К несчастью, у него есть последователи. Многие пациенты стали отказываться от успокоительного. Некоторые не посещают механическую мастерскую для производственной терапии. Двое пациентов, прикованных к креслу-каталке, делают вид, будто могут ходить. Пациенты проявляют неуважение к больничной пище. Когда один мужчина болел желудком, другой пациент начал есть его рвоту, заявляя, что так гораздо вкуснее. У нас в отделении нет достаточного количества палат строгого режима. Также пациенты, которые отказываются принимать успокоительное или не проглатывают его, не прекращают петь и смеяться, когда мы вежливо их просим. Неуважение повсюду. У меня иногда возникает чувство, что меня в отделении не существует. Я имею в виду, никто больше не обращает на меня внимания. Мои санитары часто испытывают искушение применить к пациентам физическую силу, но я напоминаю им о клятве Гиппократа. Ночью пациенты не желают оставаться в постели. Они ведут разговоры друг с другом. Собрания, я думаю. Они шепчутся. Не знаю, есть ли против этого правило, но рекомендую это правило ввести. Шептаться даже хуже, чем петь.
Мы отправили несколько его последователей в отделение У [отделение для буйных], но пациент Кеннон хитер. Он никогда ничего не делает сам. Думаю, он распространяет в отделении нелегальные наркотики, но мы ничего не нашли. Он никогда ничего не делает, а всё происходит.

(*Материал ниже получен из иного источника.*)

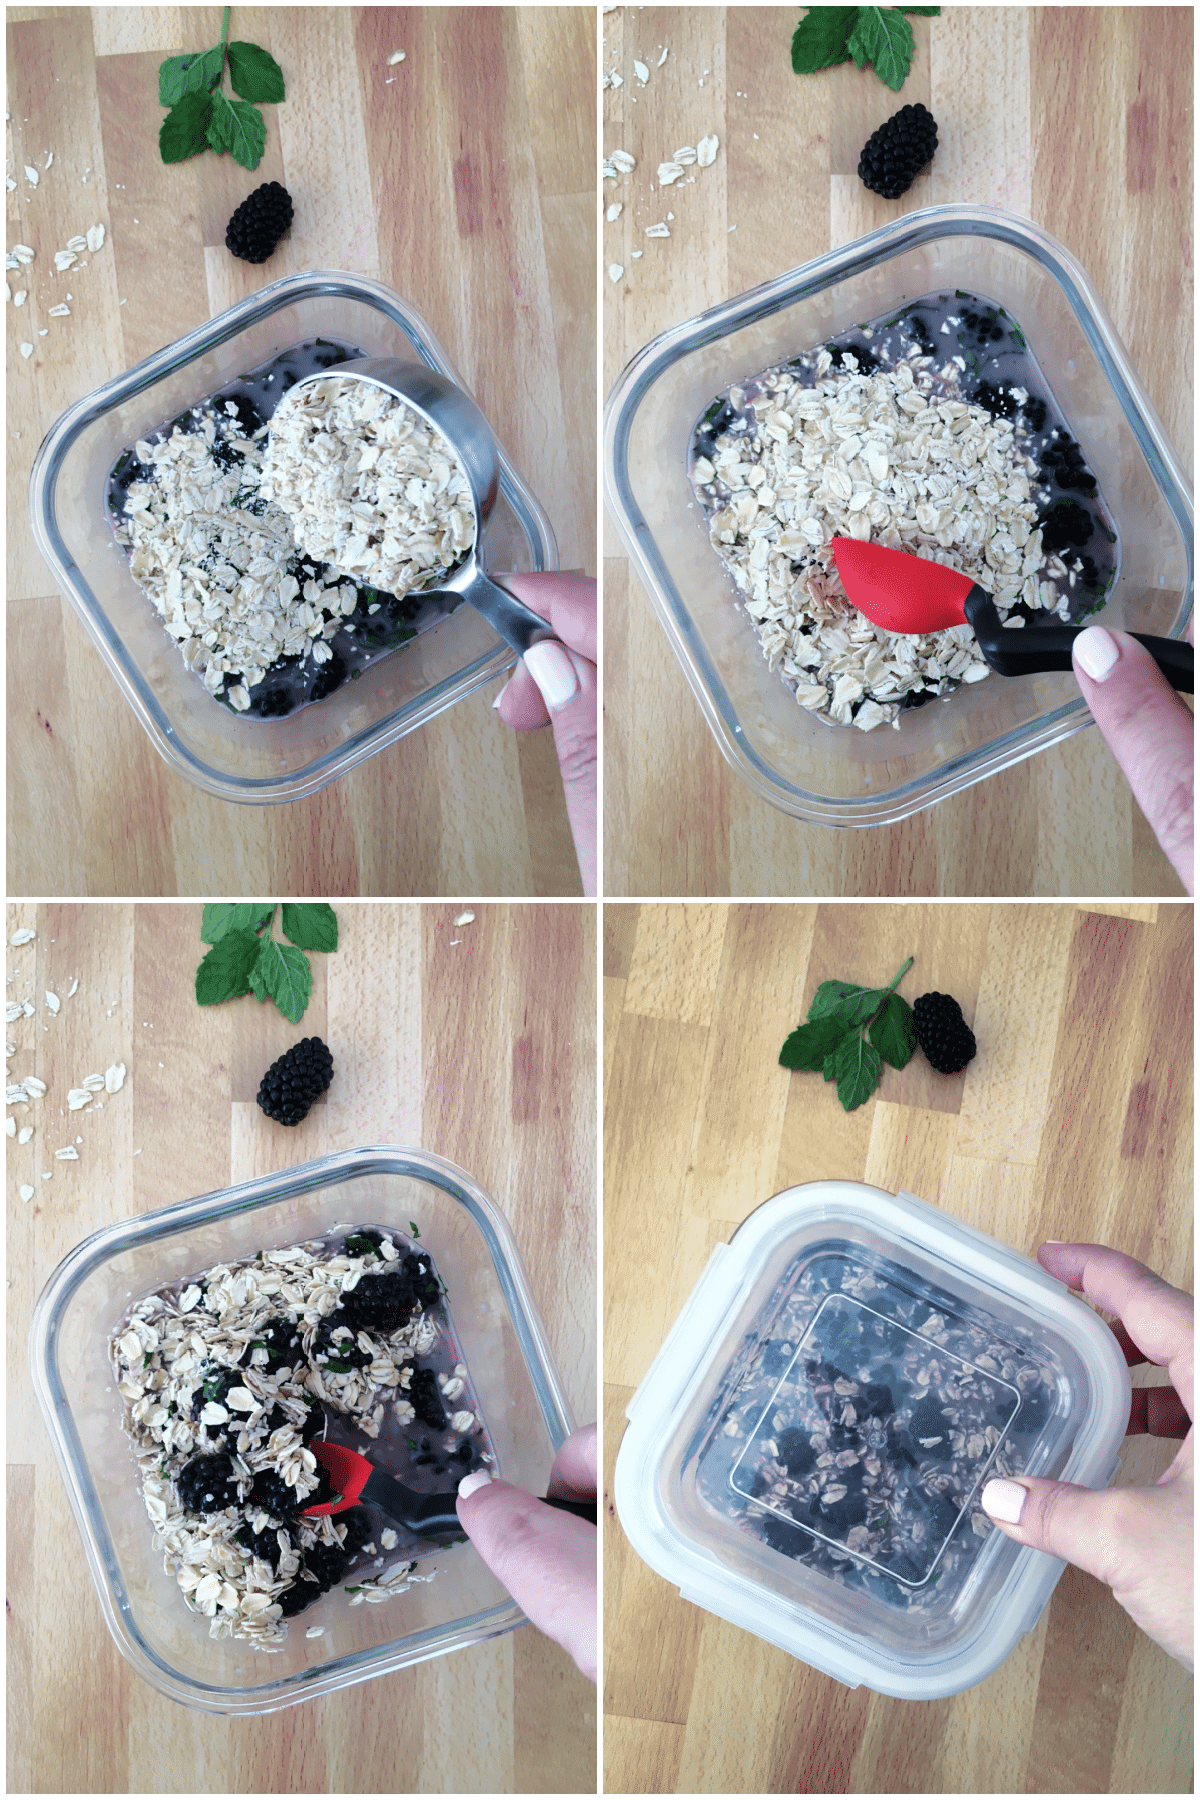 4 images showing how to make overnight oats: add berries, milk, and oats to a glass container, stir to combine, cover with lid

Я должен об этом доложить. Это серьезно. 10 сентября, в 14:30 в большом зале прямо перед сломанным и безжизненным телевизором большая группа пациентов начала обниматься. Обнявшись, они образовали круг и начали то ли мычать, то ли стонать. Они продолжали сходиться все ближе, мычать и раскачиваться или вибрировать, как гигантская медуза или человеческое сердце, причем среди них были одни мужчины. Они проделывали все это, и санитар Р. Смит попытался прекратить безобразие, но они держались друг за друга очень крепко. Я тоже попробовал разорвать их круг настолько мягко, насколько мог, но тут он сам внезапно разомкнулся, и двое мужчин схватили меня и против всей моей воли втащили в этот ужасный круг. Я не могу найти слов, чтобы выразить, как это было отвратительно.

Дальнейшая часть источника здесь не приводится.